SUPPLIED DATA:
>>>>
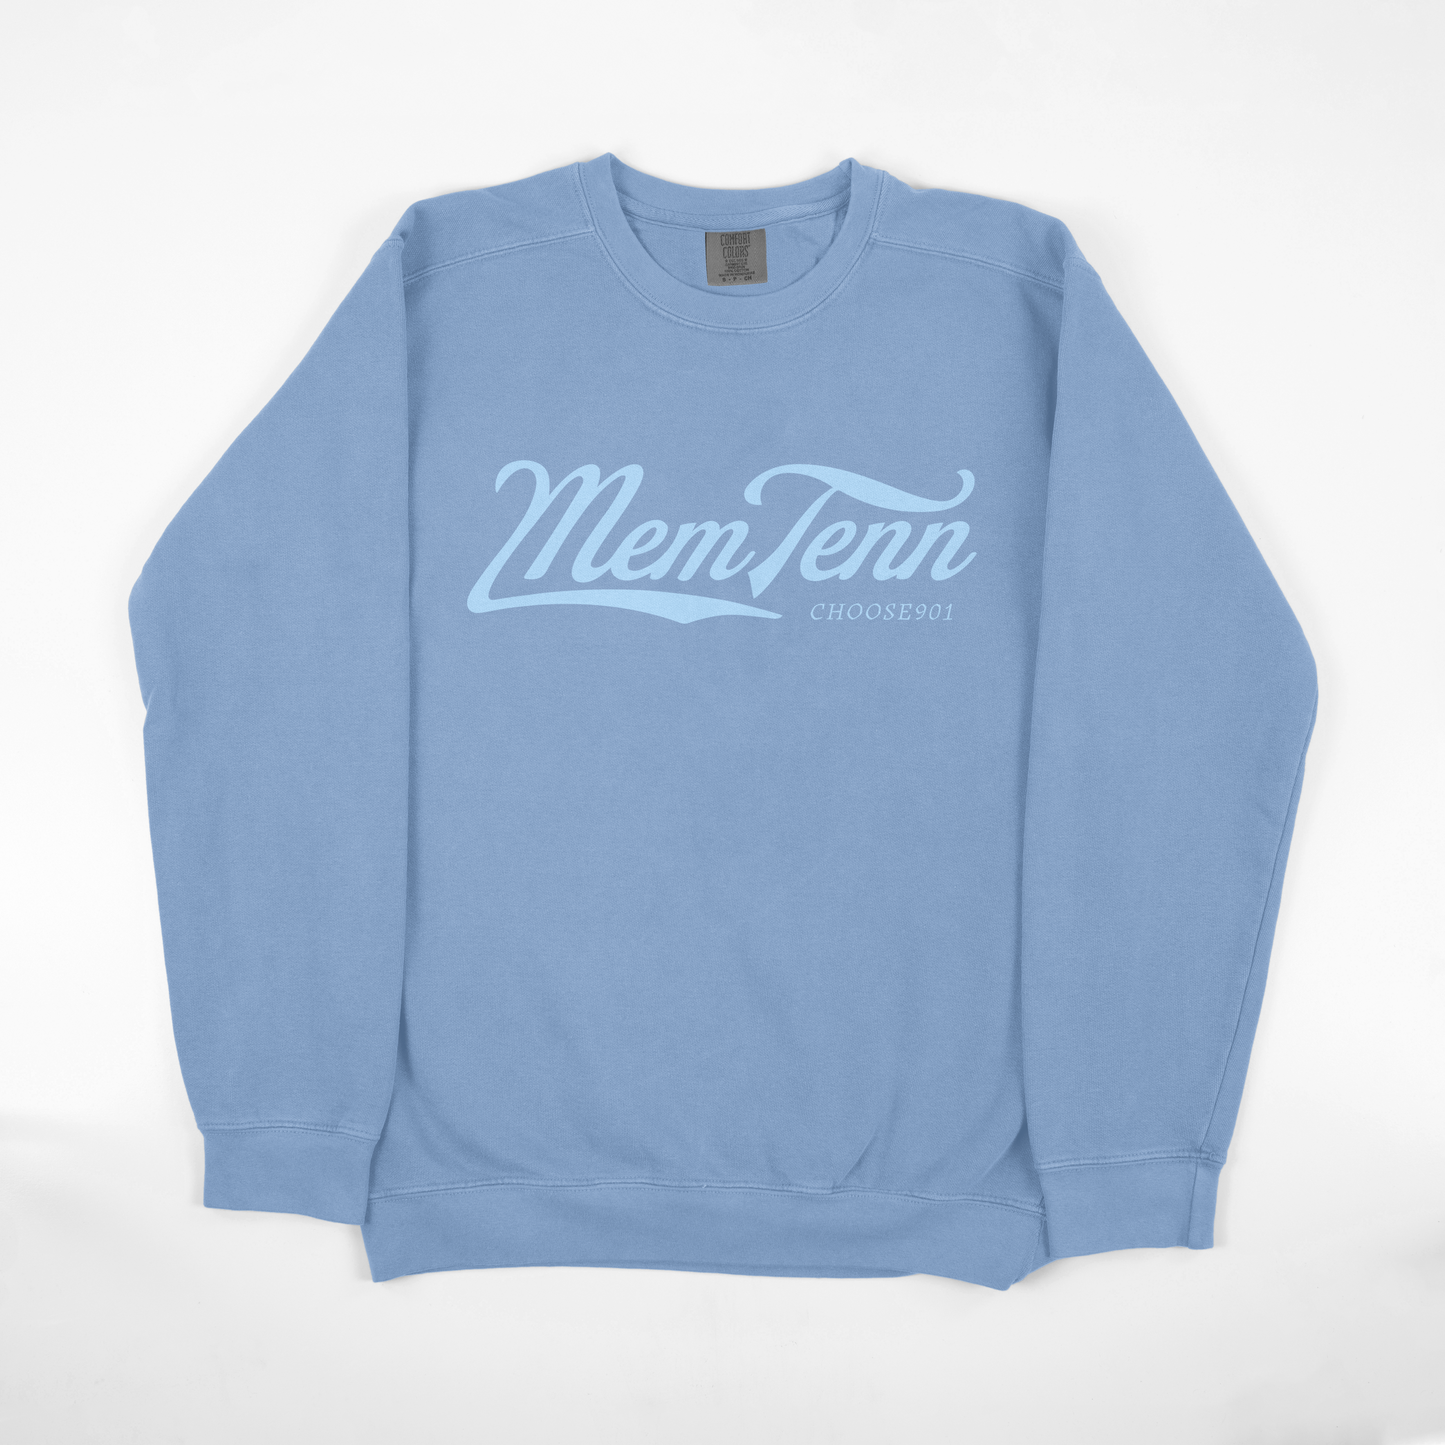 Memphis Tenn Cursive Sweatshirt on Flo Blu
<<<<
>>>>
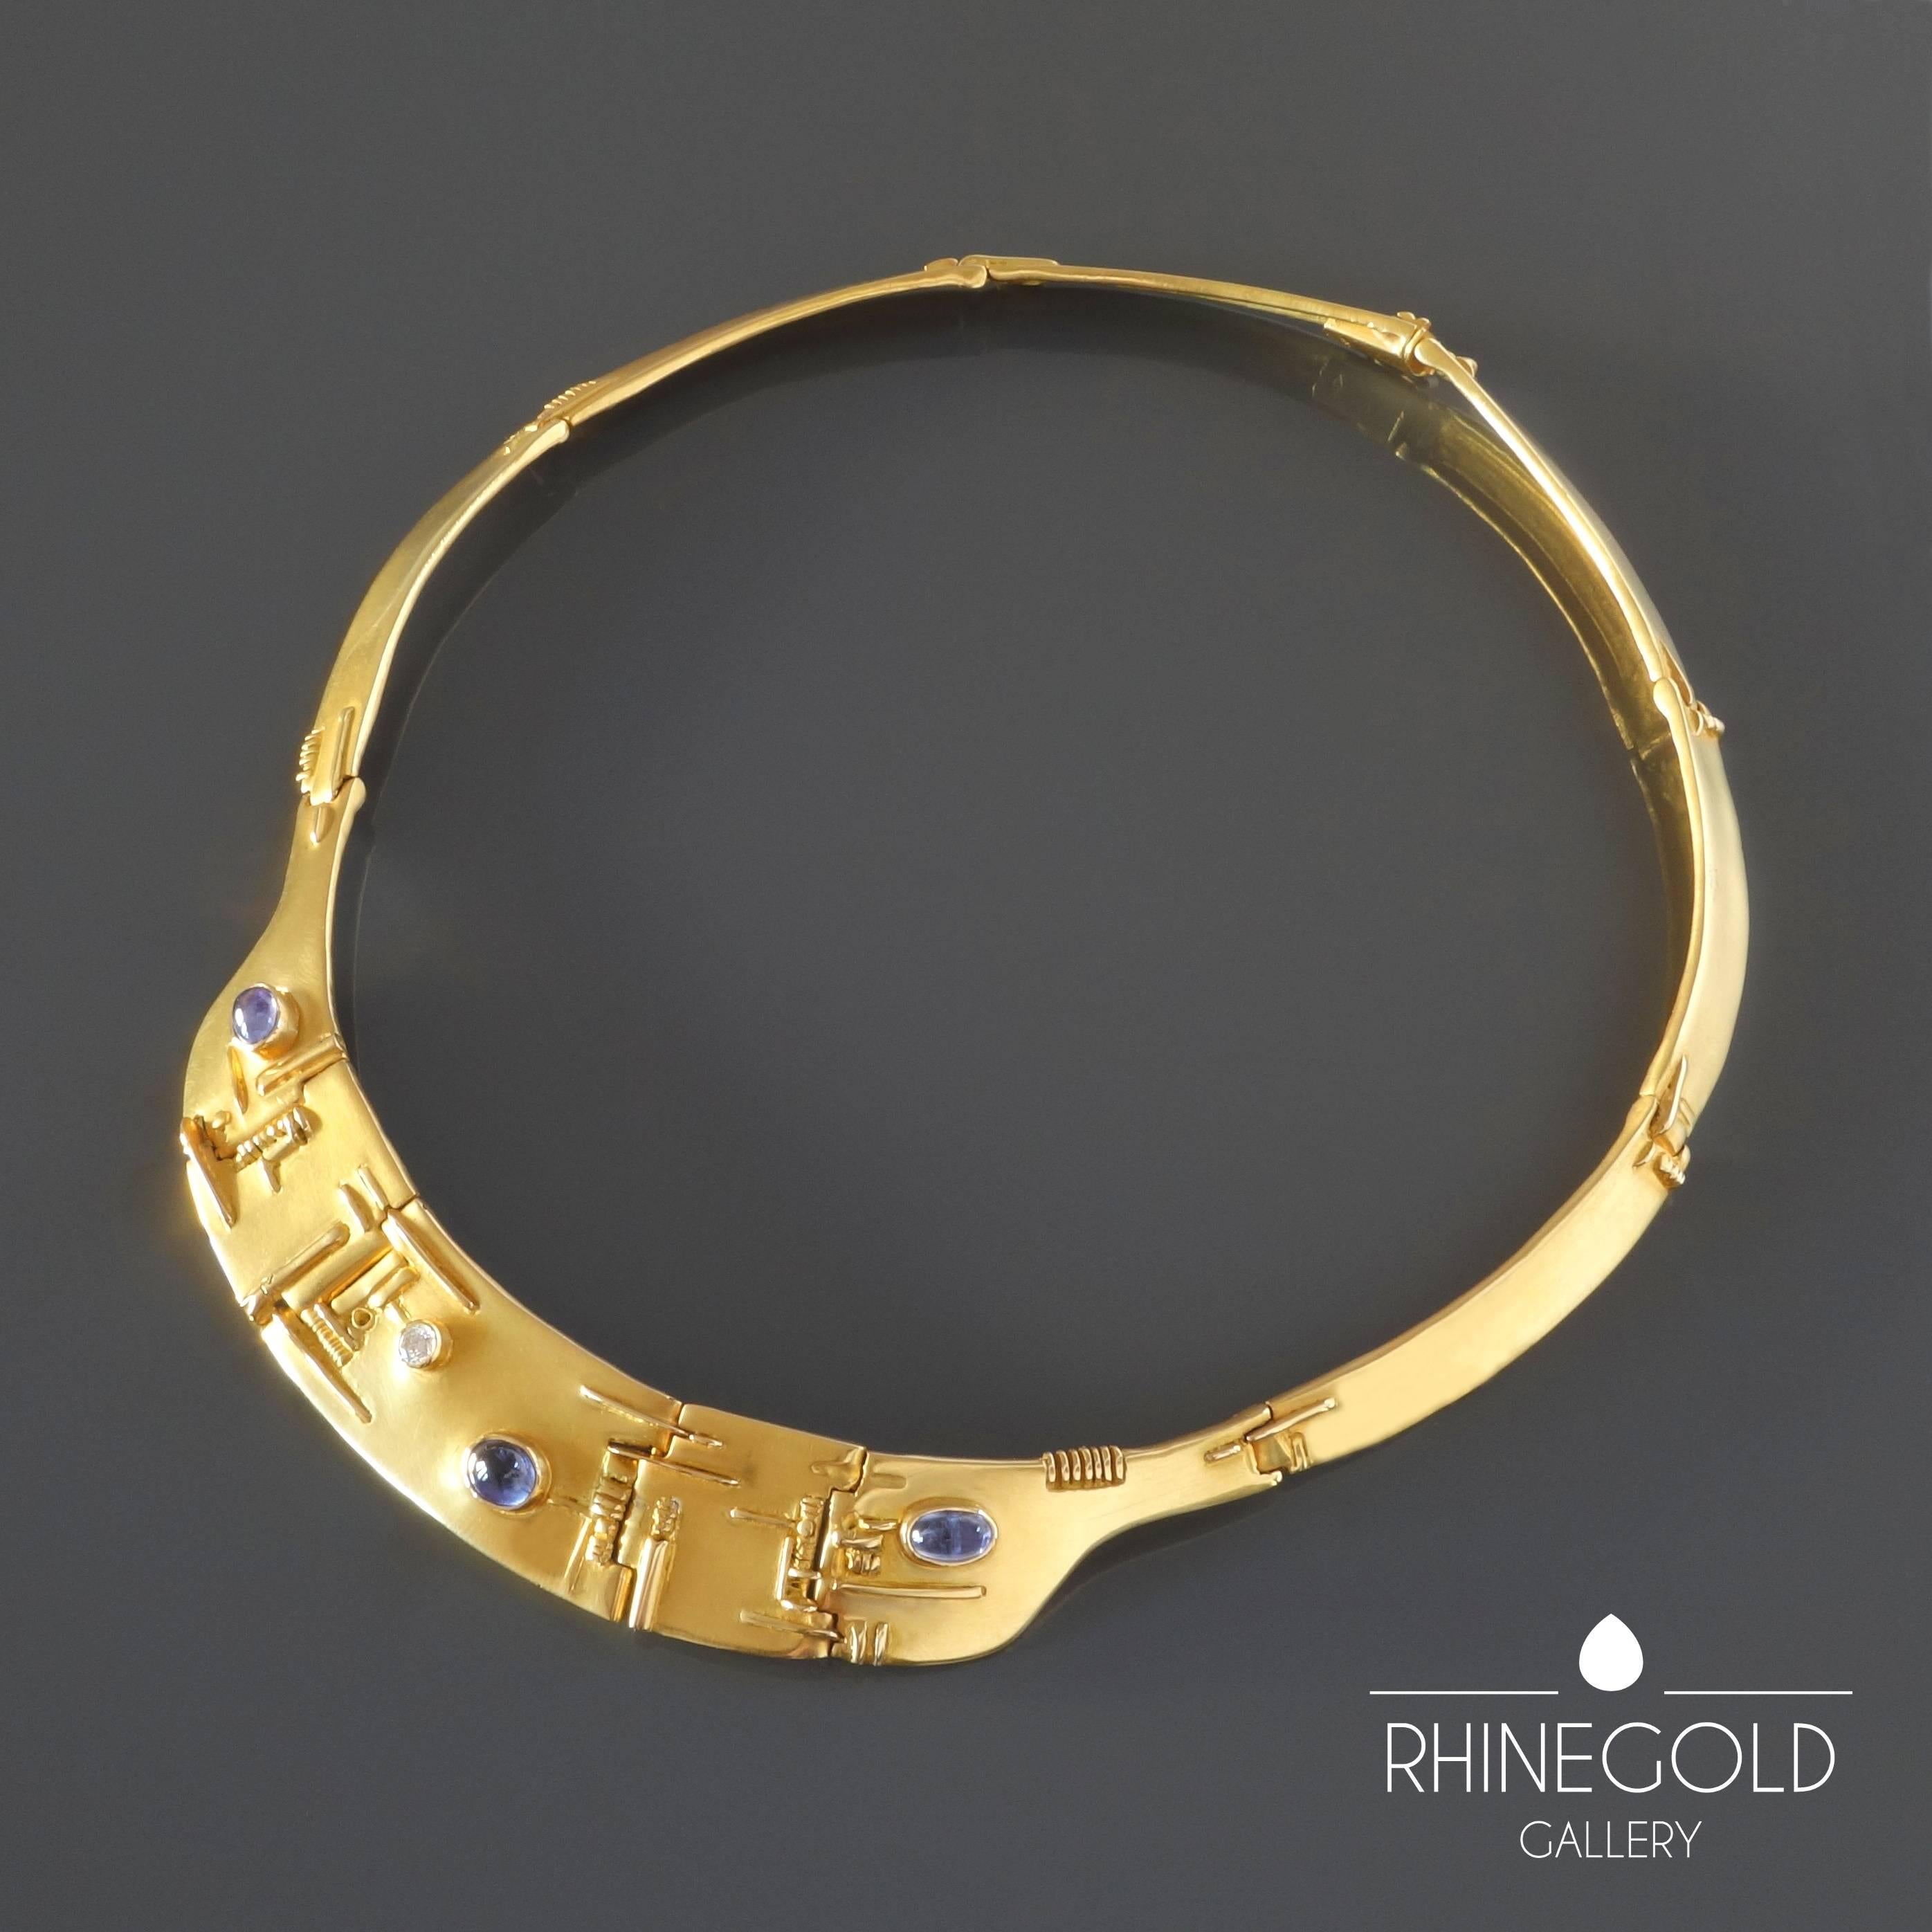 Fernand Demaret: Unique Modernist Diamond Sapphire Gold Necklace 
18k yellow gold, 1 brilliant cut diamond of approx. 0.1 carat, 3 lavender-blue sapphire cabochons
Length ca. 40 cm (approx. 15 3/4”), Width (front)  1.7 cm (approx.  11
<<<<
EXERCISE DIRECTIONS:
Working from the records above, set down word for word everything from the line containing "Fernand Demaret: Unique" down to the line containing "Length ca. 40", ends included, minus the pictures.

ANSWER BOX:
 Fernand Demaret: Unique Modernist Diamond Sapphire Gold Necklace 
18k yellow gold, 1 brilliant cut diamond of approx. 0.1 carat, 3 lavender-blue sapphire cabochons
Length ca. 40 cm (approx. 15 3/4”), Width (front)  1.7 cm (approx.  11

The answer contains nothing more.